On August 5, 2020, the U.S. Equal Employment Opportunity Commission (EEOC) released two technical assistance documents addressing opioid addiction and employment. The EEOC defines opioids to include prescription drugs such as codeine, morphine, oxycodone, hydrocodone, meperidine, buprenorphine and methadone, as well as illegal drugs like heroin.
The first document is guidance for employees and explains that the Americans with Disabilities Act (ADA) may apply to employees “who are not engaged in the current illegal use of drugs and are qualified for employment.” The employee guidance clarifies that employees who are using opioids legally, are in treatment for opioid addiction or have recovered from their addiction are protected from discrimination and may be entitled to a reasonable accommodation under the ADA. If an employee is not disqualified by a federal law and his or her opioid use is legal (for instance, if taken to treat a medical condition), an employer cannot automatically disqualify an employee from a job because of the opioid use without consideration of whether there is a means for the employee to safely and effectively perform the job. In addition, opioid addiction (or opioid use disorder) is itself a diagnosable medical condition that can be an ADA-covered disability.

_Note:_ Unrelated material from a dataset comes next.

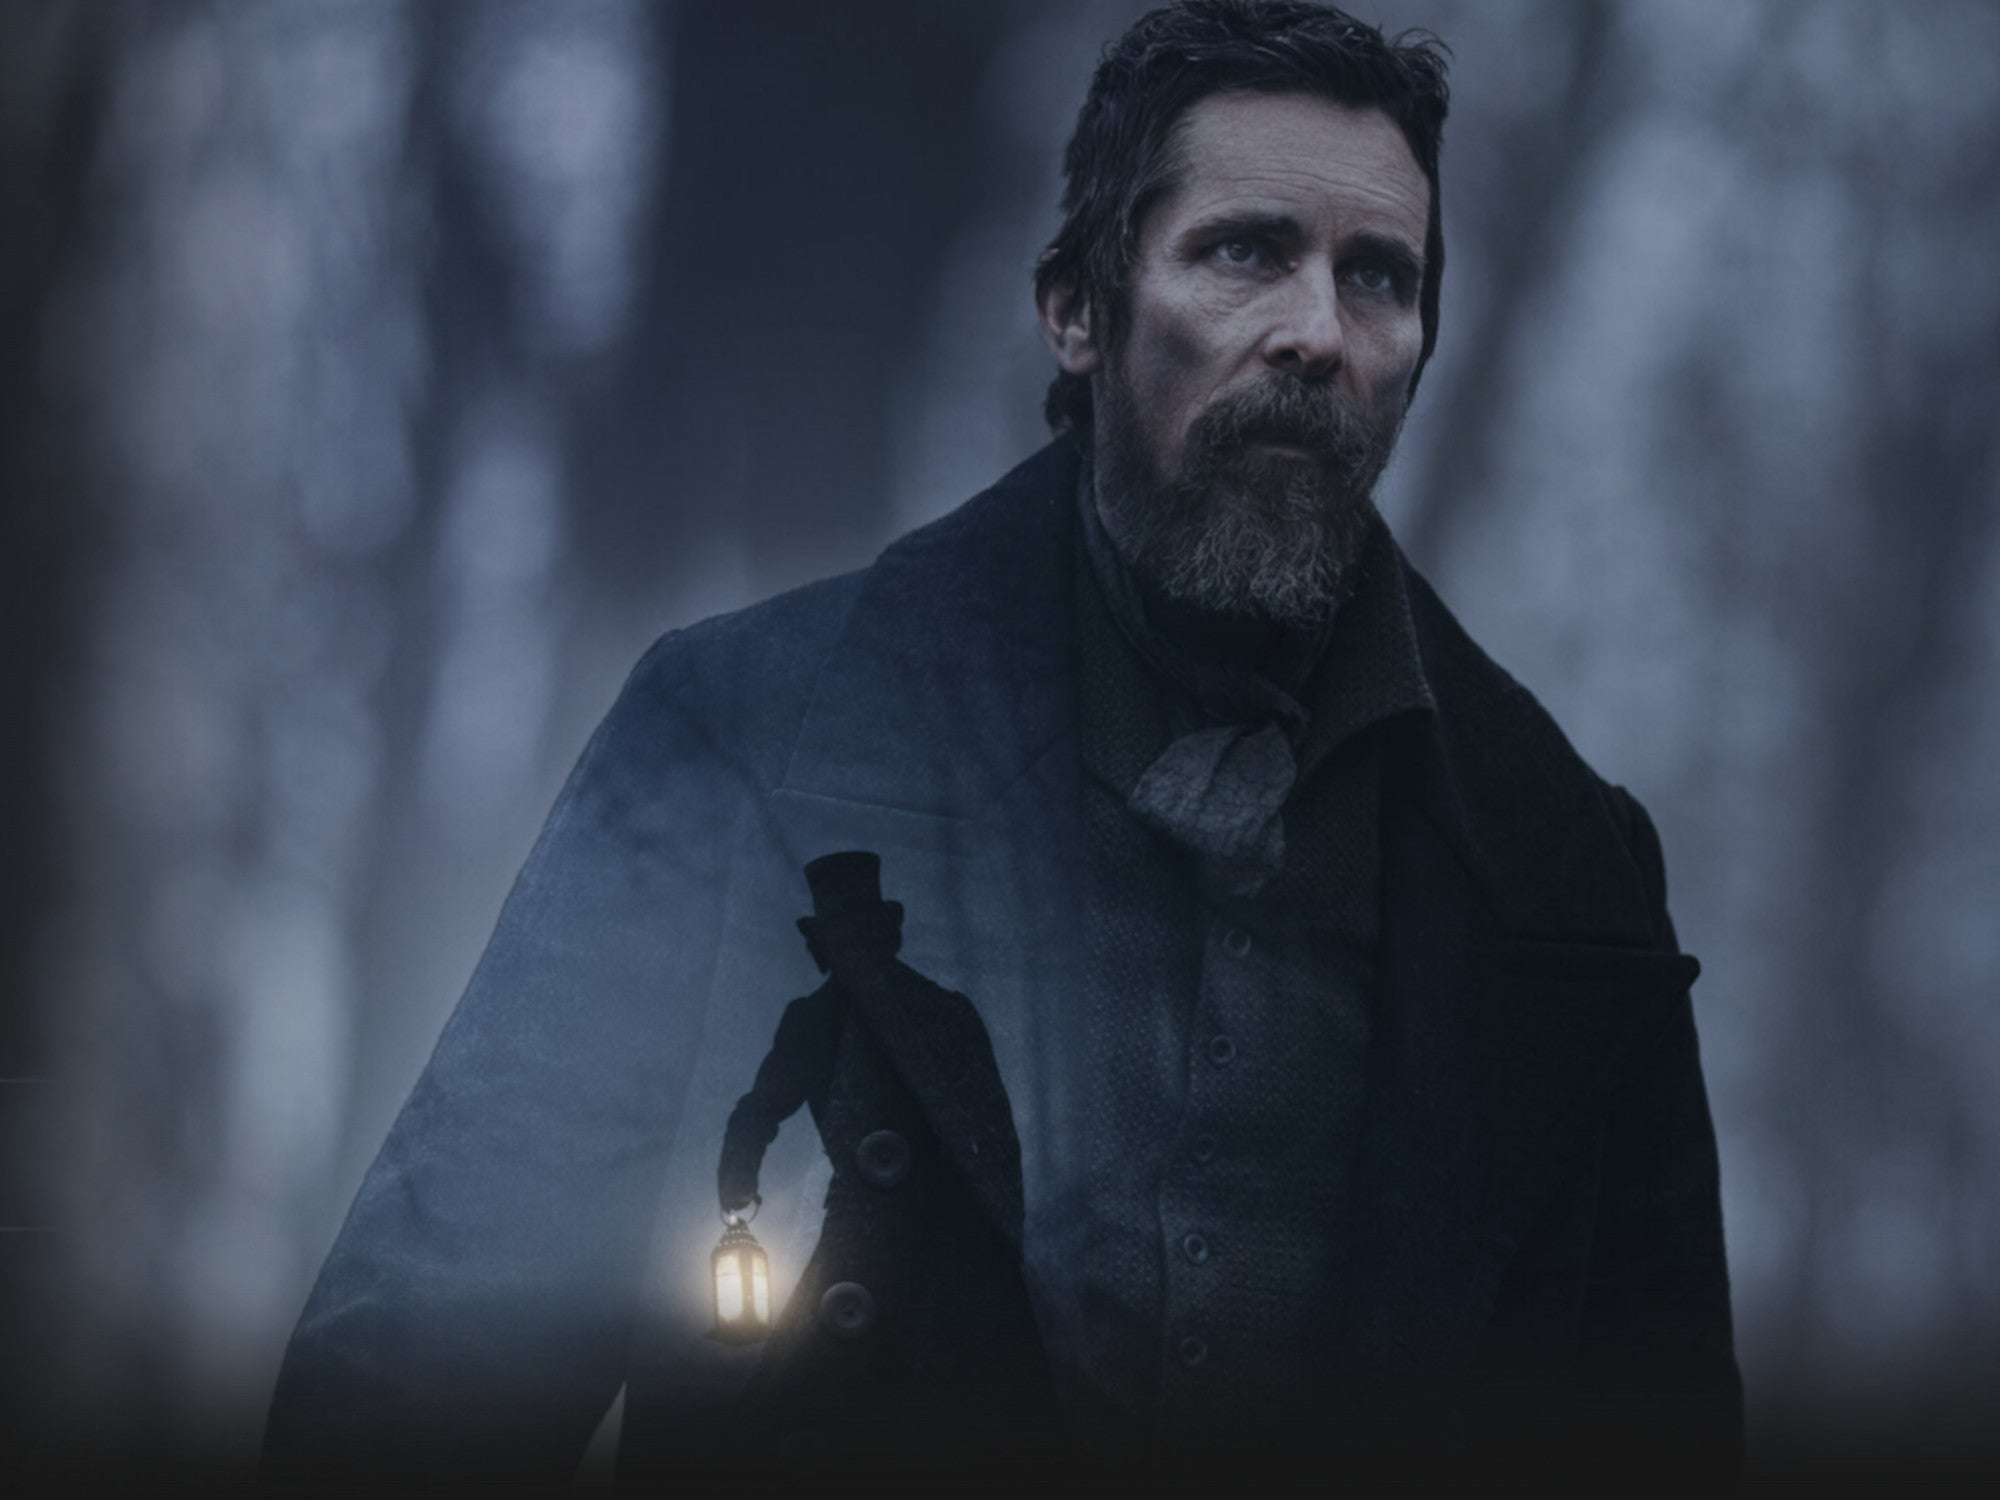 #Jetzt bei Netflix: Düsterer, rätselhafter Detektivfilm mit Christian Bale in der Hauptrolle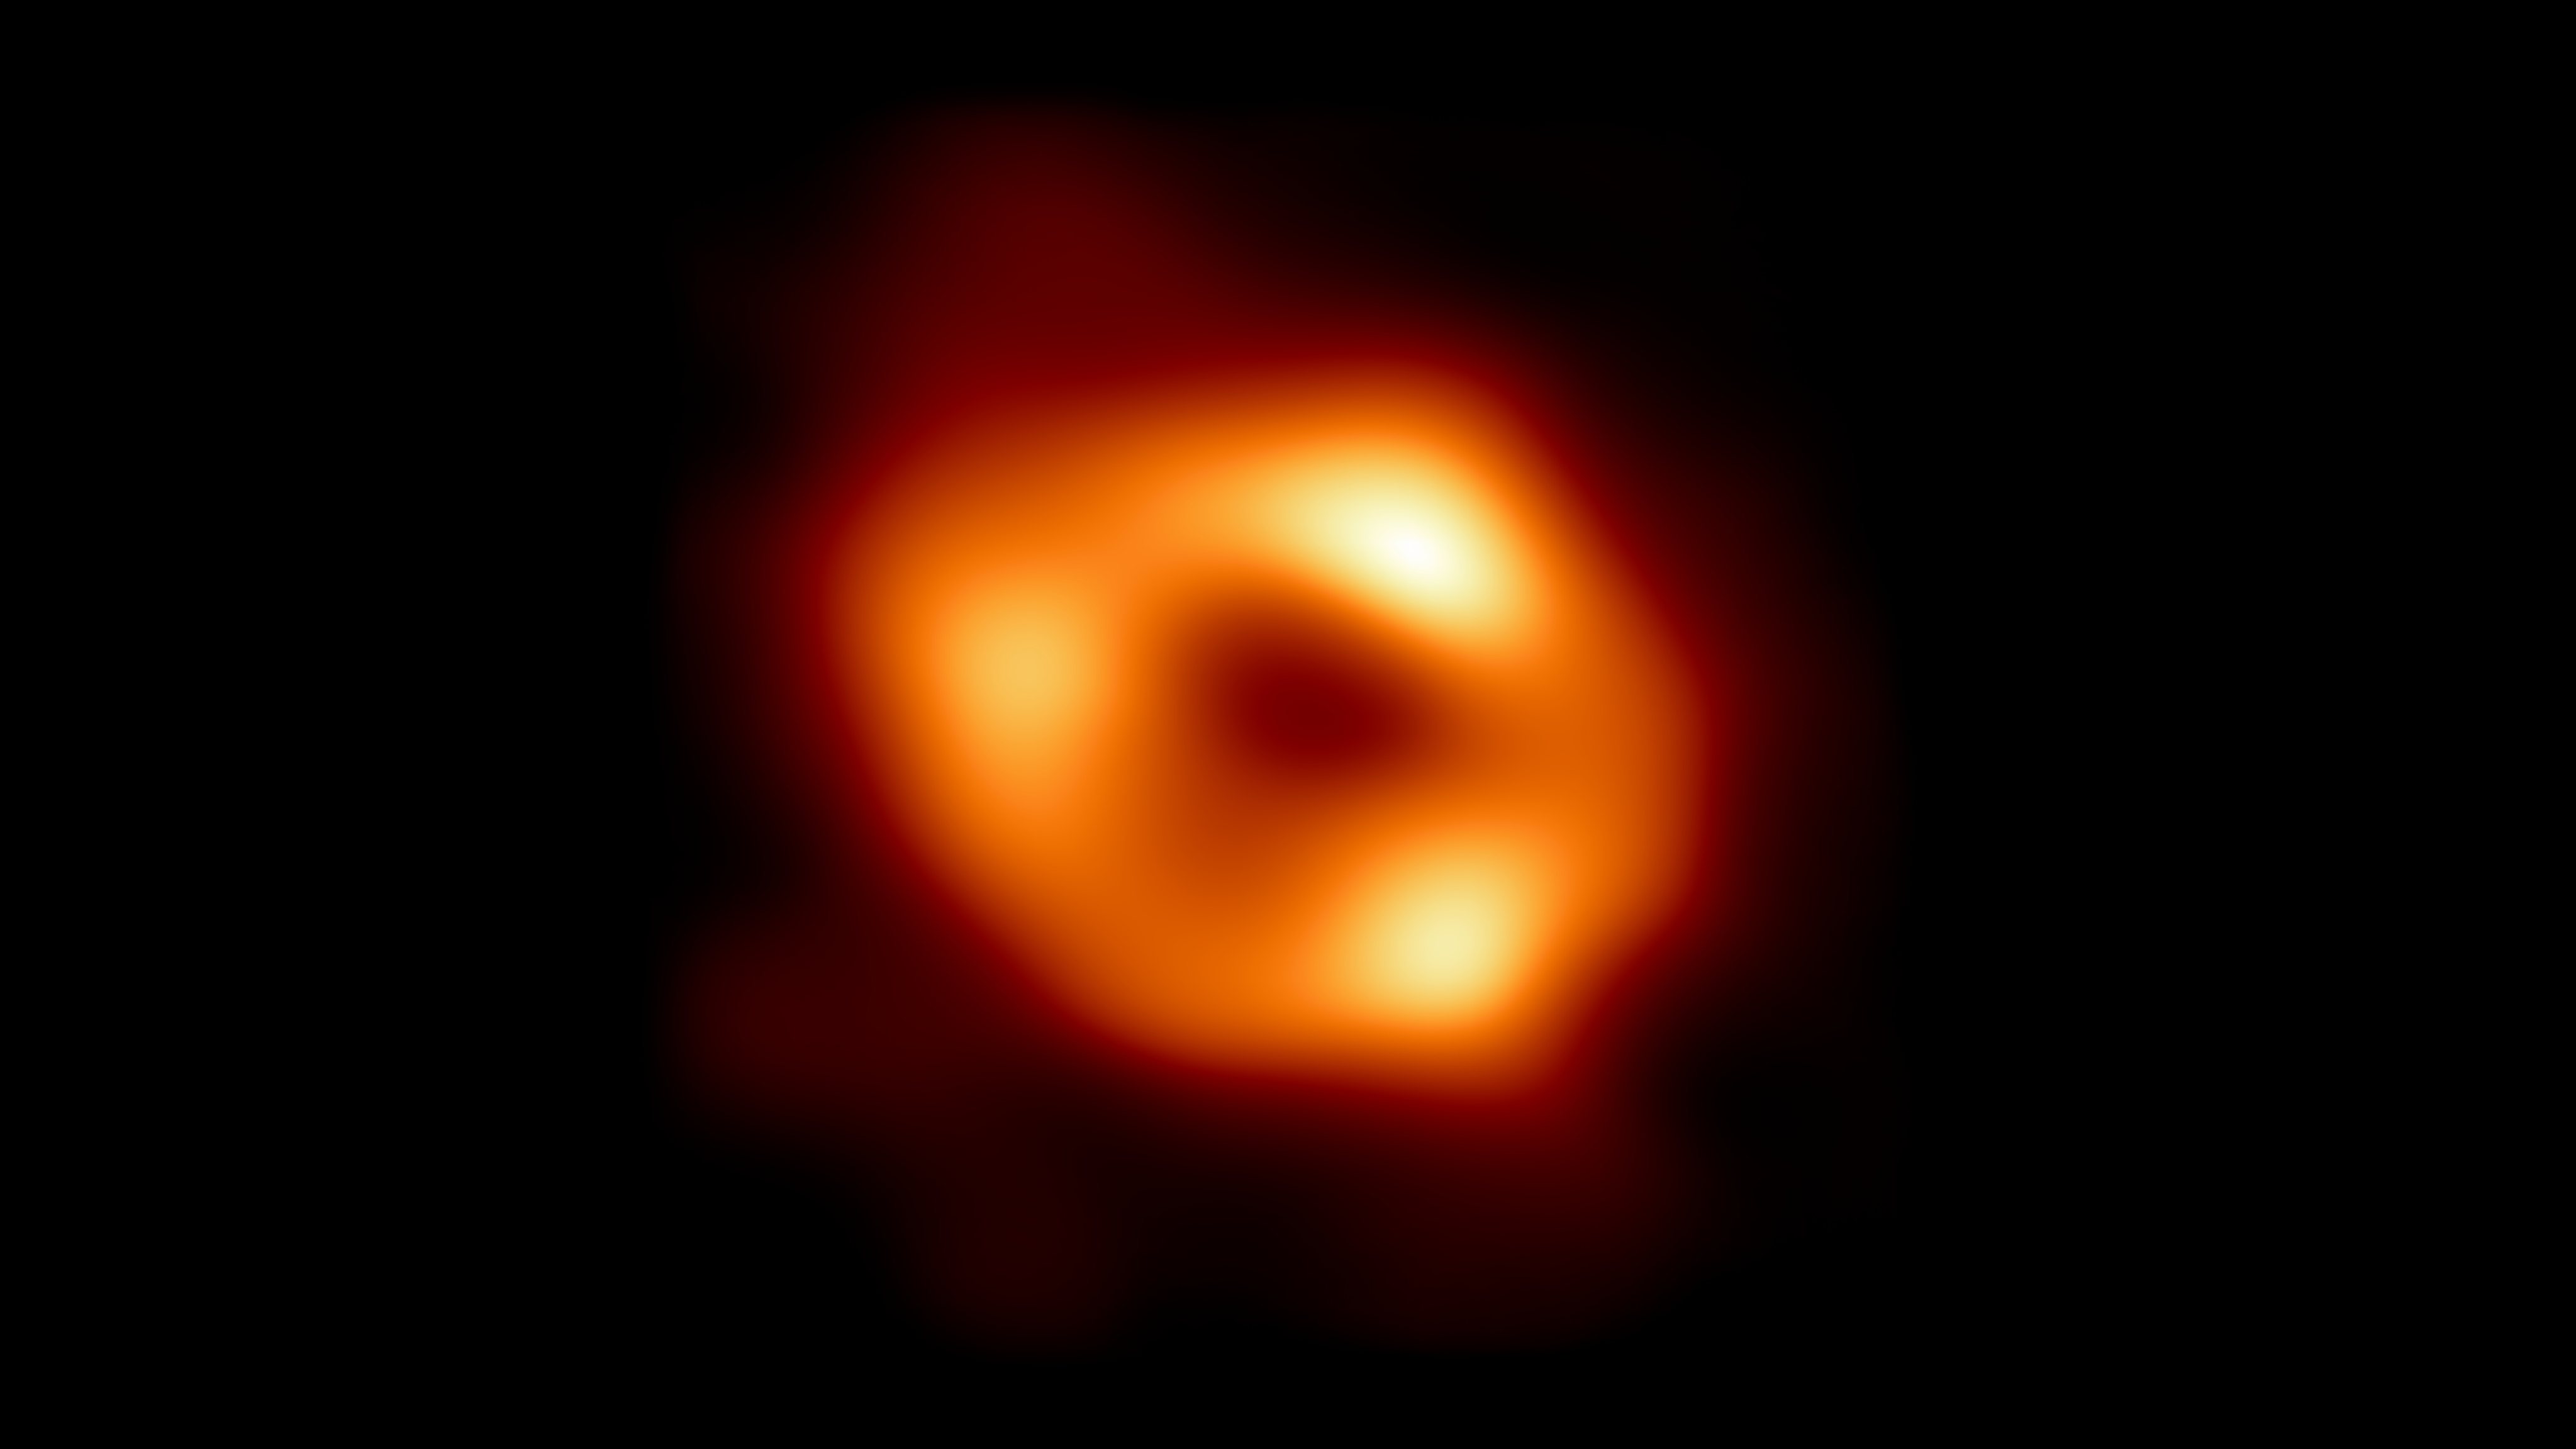 A imagem revela a silhueta do buraco negro quando o gás incandescente é engolido pela região central, a que se chama sombra

The guidance also confirms that for purposes of the ADA, it is the employee’s responsibility to ask for a reasonable accommodation, which can be done at any time, although the EEOC suggests that employees ask for an accommodation before problems in job performance occur. The employer is entitled to ask the employee to submit medical documentation supporting the request and explaining why the employee needs an accommodation. Such accommodations may include different work breaks or schedules (to attend support groups or receive treatment), changes in shift assignments, or temporary transfers to other positions.
Importantly, employers should not immediately terminate an employee for drug use. The employee guidance states that if subject to a drug test, an employee should have the opportunity to provide information about any lawful drug use that may have caused a positive test. Employers must then determine whether that employee poses a significant safety risk, even with an accommodation, before removing the employee from a job because of safety reasons.
The second document is directed at healthcare providers and provides guidance on the type and form of medical information recommended to be provided to support an employee’s accommodation request or fitness-for-duty evaluation. Specifically, the EEOC notes that the healthcare provider need not be a medical doctor to provide medical documentation related to an ADA disability accommodation request. Further, the documentation provided does not need to be extensive but should explain, among other things, the nature of the patient’s medical condition, the patient’s functional limitations in the absence of treatment, the need for a reasonable accommodation and potential effective accommodations.
In addition, the guidance lists the factors employers must evaluate when making a direct threat assessment, such as “the level of risk posed by a disability, taking into account the probability that harm will occur, the imminence of the potential harm, the duration of the risk, and the severity of the potential harm.” Therefore, a restriction such as “no operating heavy machinery” is inadequate. Instead, the EEOC states that the healthcare provider should describe the relevant medical events or behaviors that could occur on the job and the probability that they will occur, and also describe any safety precautions that would decrease the probability of that medical event or behavior happening. The guidance also directs healthcare providers to consider and assess any risks the patient’s condition may present in light of the specific nature of the work performed, and if information is needed for the healthcare provider to make an accurate assessment, he or she should ask the employer.
Though the EEOC guidance is intended for employees and healthcare providers, employers also should review the documents because they provide insight into the EEOC’s position as to opioid-related disabilities and ADA coverage. Employers should also ensure that their accommodation, drug testing and anti-discrimination policies are aligned with the new guidance and that their employees who enforce those policies are trained accordingly. Importantly, employers should also keep in mind any relevant state or city laws, which may impose even greater protections for employees who use opioids and greater responsibility on the employer to engage in the interactive process before any accommodation is requested.